There are tons of tools that support data testing (love a dbt test), but even after writing robust tests we still ran into unexpected breaking changes. Most of the time, this became an issue when a product manager showed up wondering why some obscure metric was now null across the board. We didn't know that metric was being used (sometimes not even that it existed), so how would we have written a test for it? (A common cause was that an engineering team stopped recording a number because no one knew it was important; even when engineering did everything right, sent out comms "fyi we're removing the legacy user id values", and rolled out safely, no one expects that the marketing ROI dashboard depends on that.)
That's where Data Axolotl comes in: Data Axolotl is a CLI tool that catches unexpected breaking changes in analytics data sets, without you having to know in advance what might break.

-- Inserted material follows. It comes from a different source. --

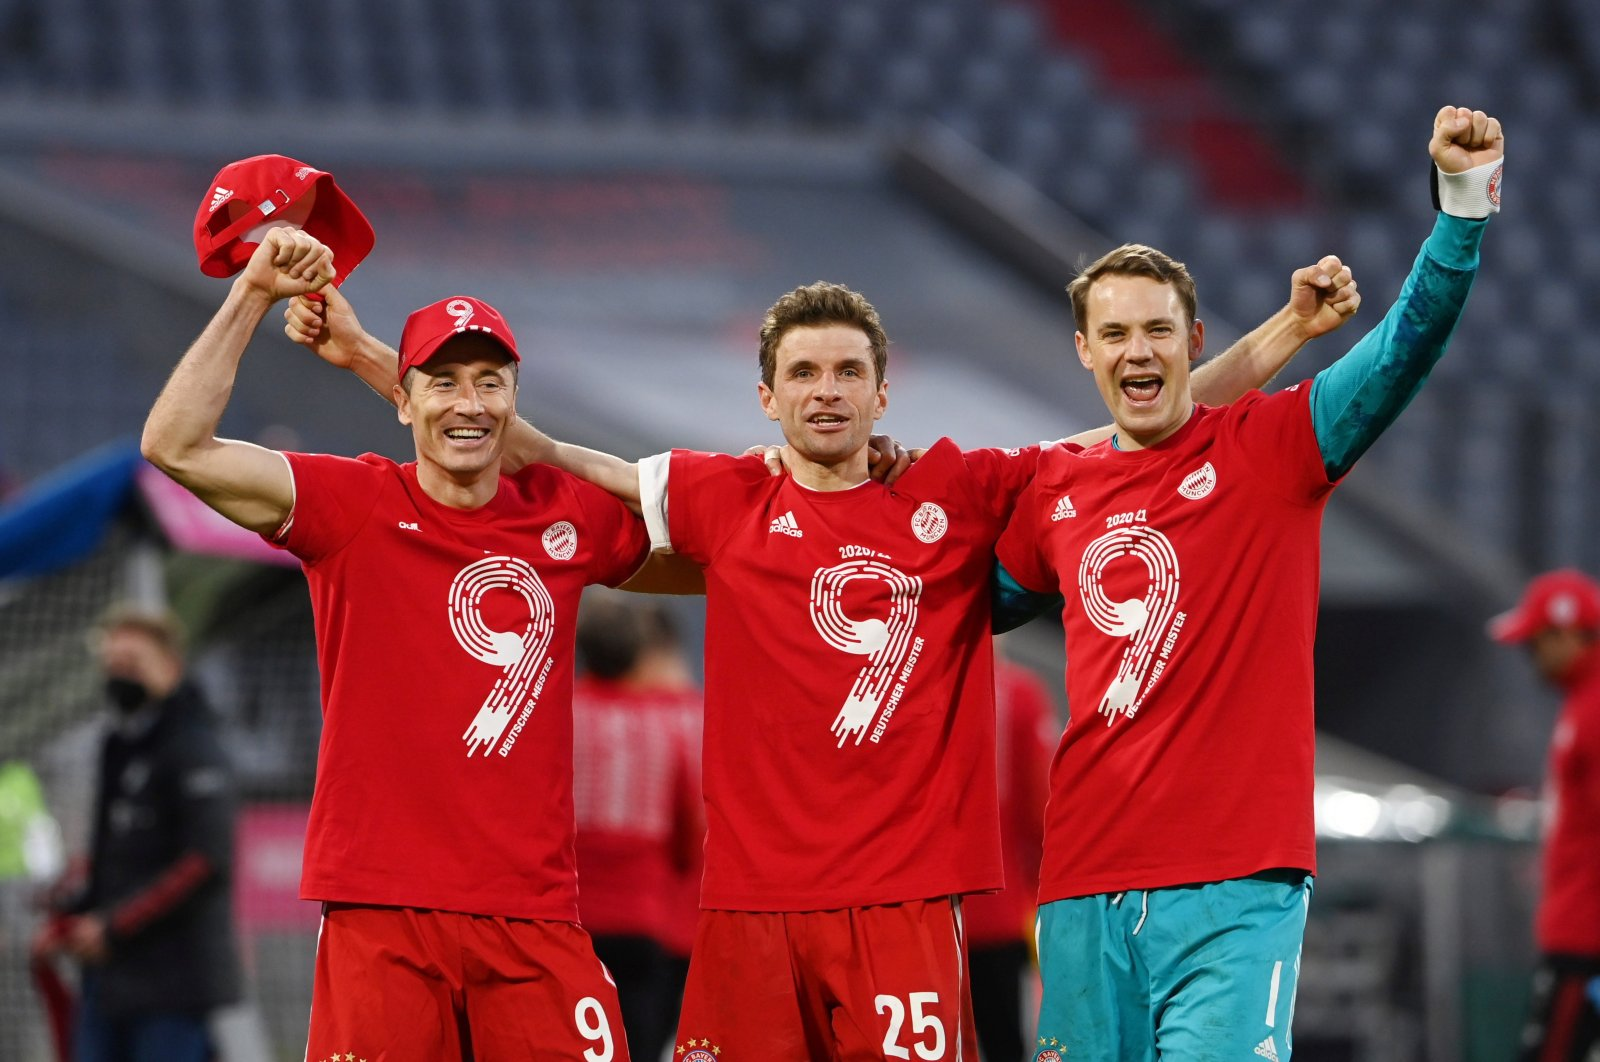 Bayern Munich's Thomas Muller, Manuel Neuer and Robert Lewandowski celebrate winning the Bundesliga after a match against Borussia Monchengladbach at the Allianz Arena, Munich, Germany, May 8, 2021. (Reuters Photos)

Simply put, you point it at some data tables, run it daily, and it collects a ton of common metrics over time. (Column minimum, maximum, mean, row count, distinct count, etc.) If any of the metrics suddenly change, Data Axolotl generates an alert.
The whole thing runs from a python package, so you can run it locally or on your own infra via a scheduling tool like Airflow. You don't have to sign up for any new cloud services and risk data leaking data to a third party. History can be stored locally with sqlite (default), or in a remote db on your infra.
This is a pretty early release, so right now it only supports Snowflake tables, but we hope to add other database types in the future.
You can try out Data Axolotl today, directly from your local machine, by installing via pip. `pip install data-axolotl` A full setup guide can be found in the Readme.